}

Wednesday, November 15, 2023

New Zealand’s three ring circus

New Zealand’s three ring circus continues, thought at the moment it seems to be the clown show section. This situation is many things, but the word that first comes to my mind is “hilarious”. Of course.

Incoming Prime-Minister-to-be, National Party Leader Chris Luxon, and hard-right Act Party leader David Seymour have finally met with Winston Peters, leader of the rightwing populist New Zealand First party. It only happened after Luxon and Seymour scurried to Auckland yesterday because Peters decided not to return to Wellington yesterday, as had been assumed/planned. Peters is playing them like a well-tuned violin, as is his way, and it seems unlikely they’ll form a new government any time soon.

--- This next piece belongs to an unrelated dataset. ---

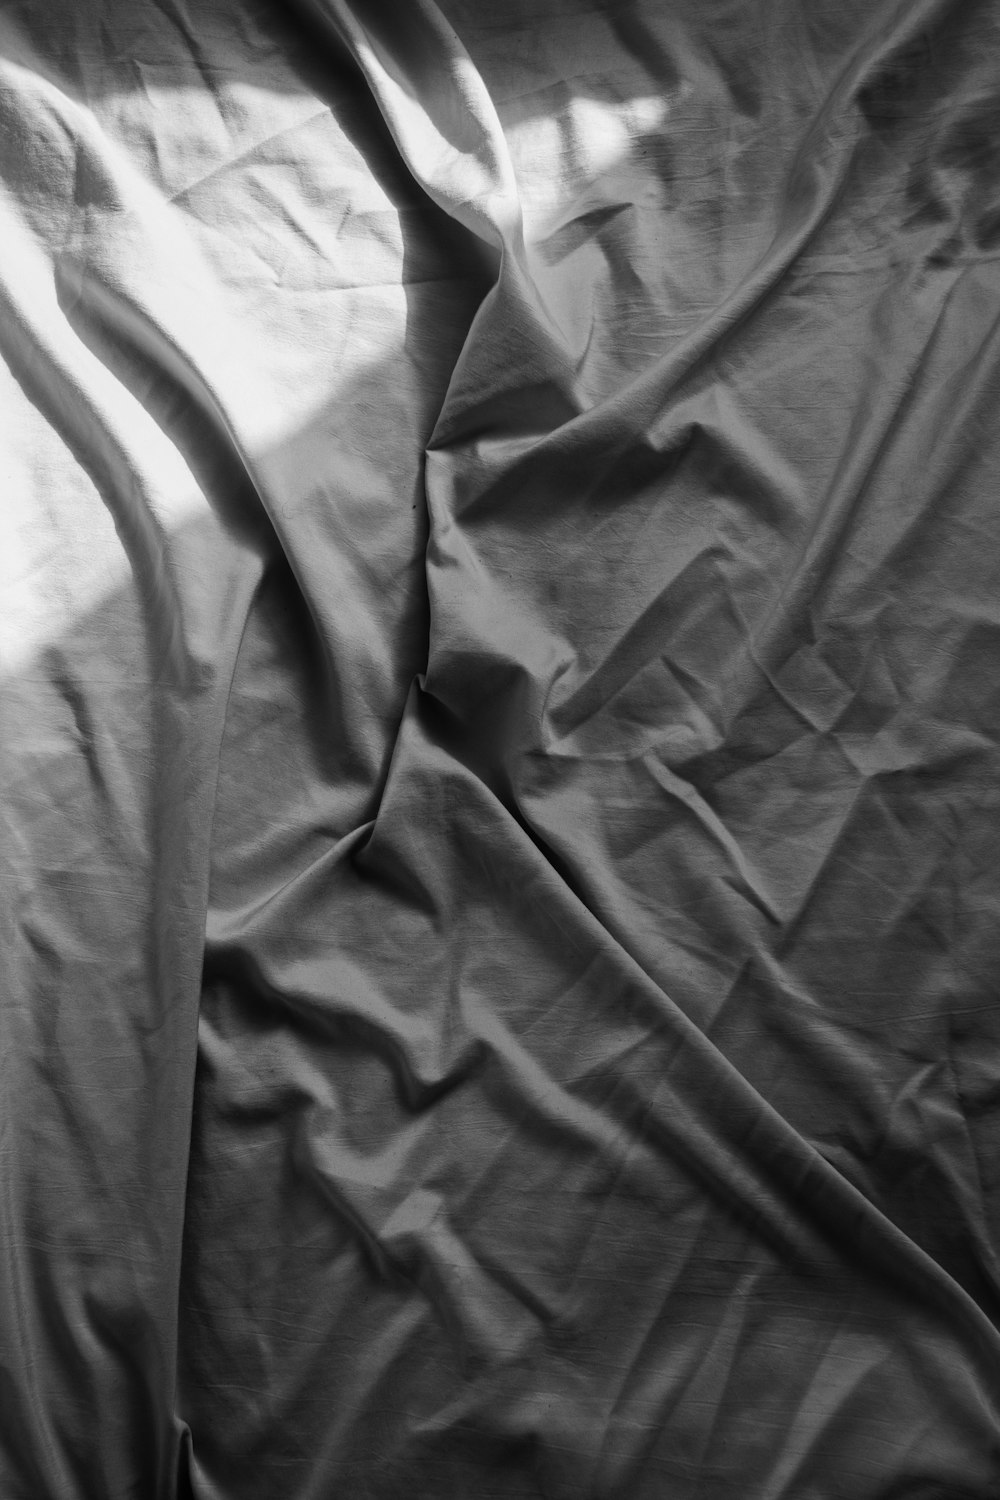 gray textile on white textile

Historically, the odds are stacked against the new government going the distance: Peters has never had a successful time in government with National. In the early 1990s, before MMP, he was fired by then-Prime Minister Jim Bolger. Then 61 days after the first MMP election in 1996, Peters went into coalition with National—only to be sacked again when Jenny Shipley rolled Bolger and was briefly PM before losing the 1999 election.

History doesn’t necessarily repeat itself (though Peters completed two different coalitions with Labour), but the past is prologue. Stuff’s Tova O’Brien, who I agree with infrequently, and incompletely when I do, has suggested that Luxon’s inexperience led to him overestimating his ability to negotiate a coalition agreement. That seems likely, since he spent his entire working life in corporate jobs, and had no experience in politics until 2020. Plus, he’d literally never met Peters, without whom he can’t form government. He clearly didn’t understand Peters, either.

Sometime in the next week or two, Luxon and Seymour will find a way to give Peters whatever it is he wants, and Luxon will then spin it to make it sound like it was his own plan all along. And Peters will put on one of his trademark grins, knowing he was the puppeteer.

Gotta say, after watching the circus so far, the odds aren’t looking great that the new government, whenever it finally forms, will make it the entire three years. While the show has been funny to watch, it’s also always interesting how when a new government is trying to form, the country gets along just fine without the politicians. Even though that can’t last, it looks like the lolz will—though possibly not for the entire three years?